#### Listed entries ####

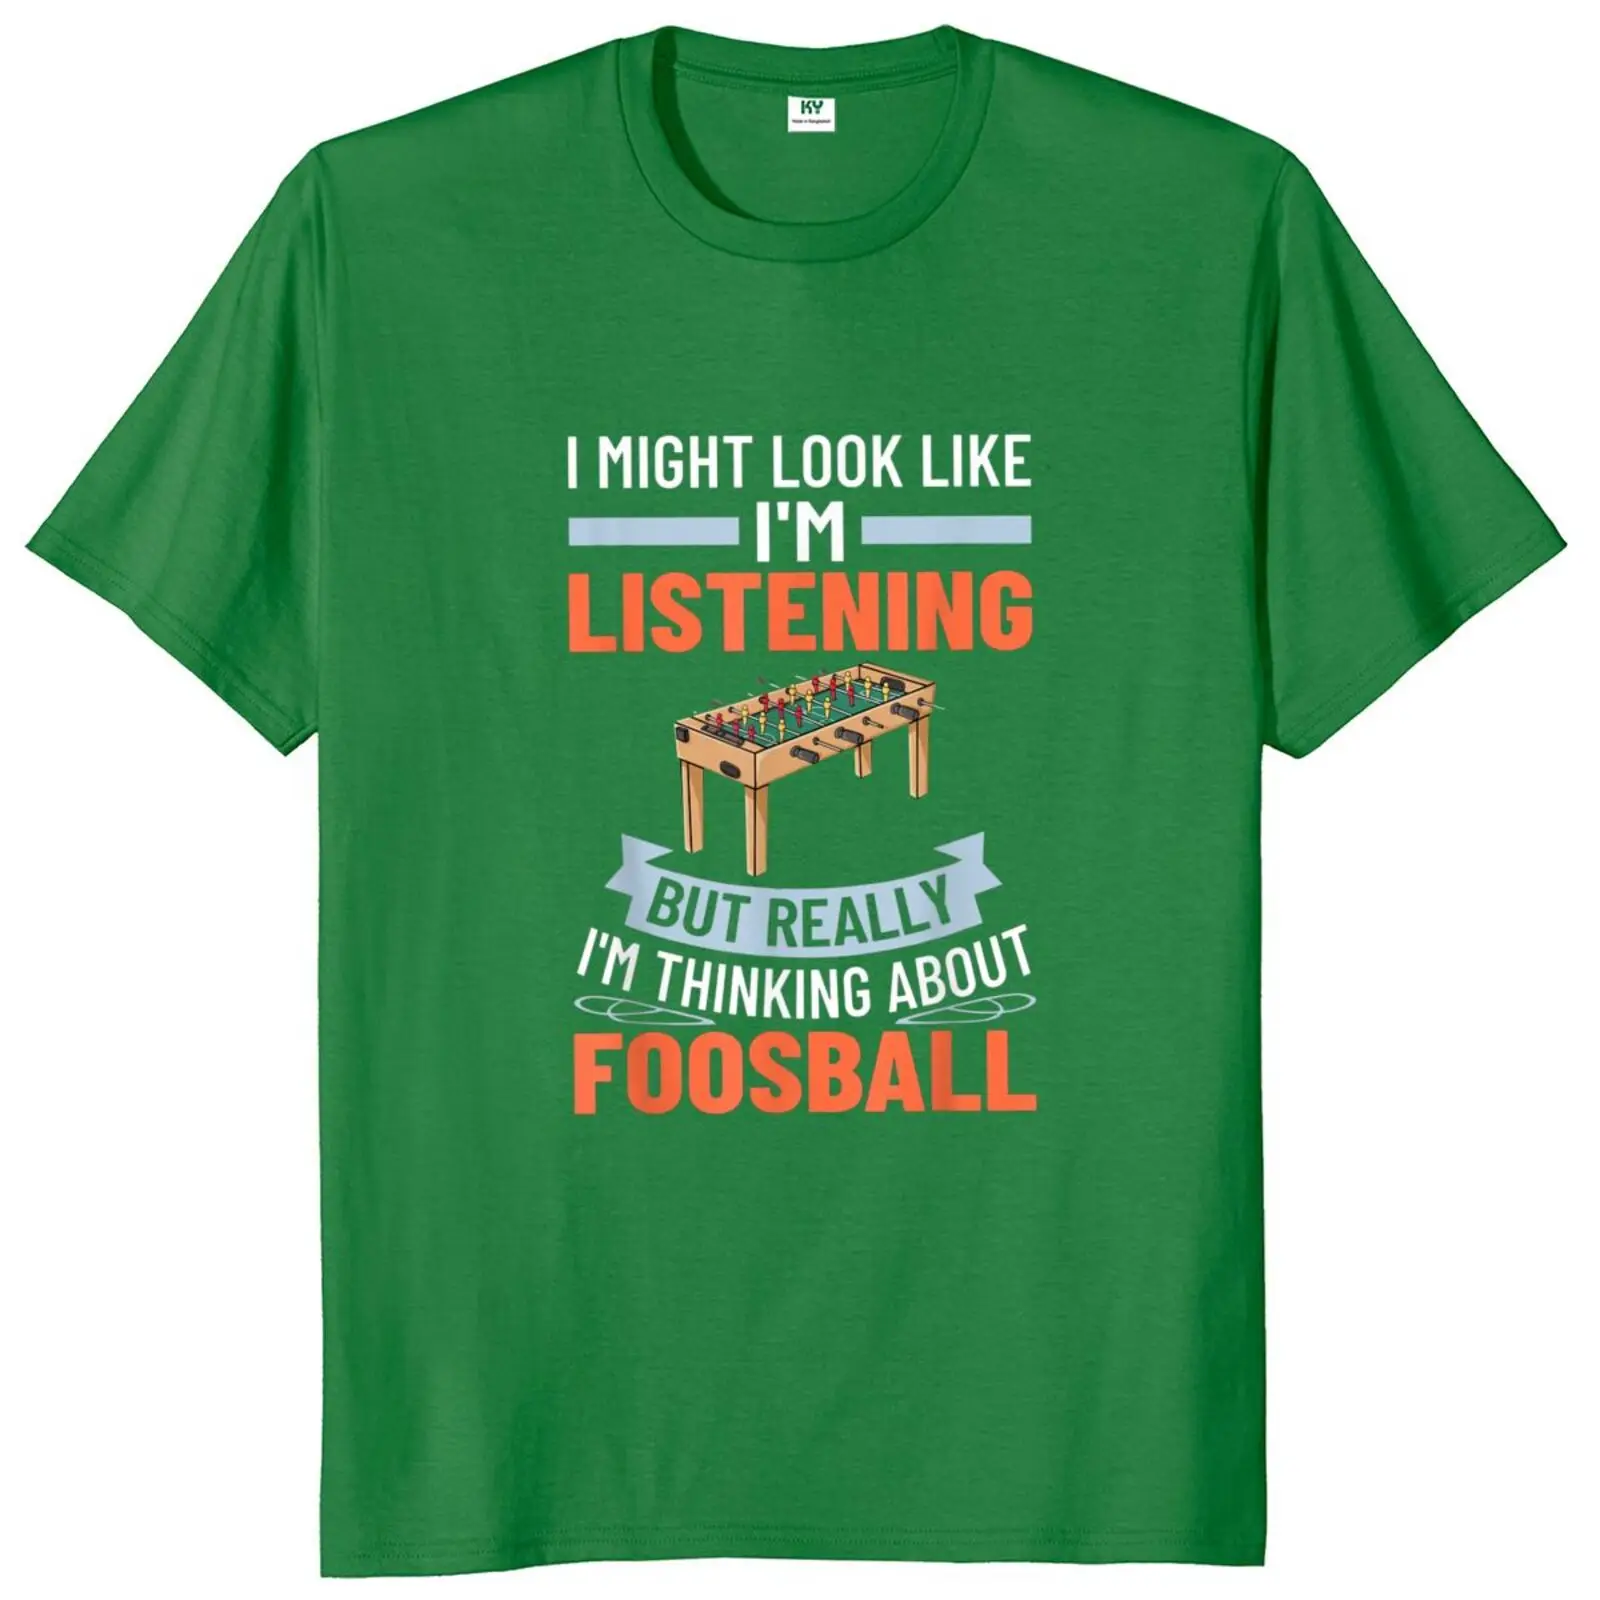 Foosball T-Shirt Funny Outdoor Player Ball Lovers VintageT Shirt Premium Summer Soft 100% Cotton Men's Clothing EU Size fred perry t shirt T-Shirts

####
#### Listed entries ####

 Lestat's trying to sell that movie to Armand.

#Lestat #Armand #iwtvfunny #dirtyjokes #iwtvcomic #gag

####

* _What needs to be done_: Scan the entries above, and wherever a line holds the string "Armand", copy it.

* _Result below_:
 Lestat's trying to sell that movie to Armand.
#Lestat #Armand #iwtvfunny #dirtyjokes #iwtvcomic #gag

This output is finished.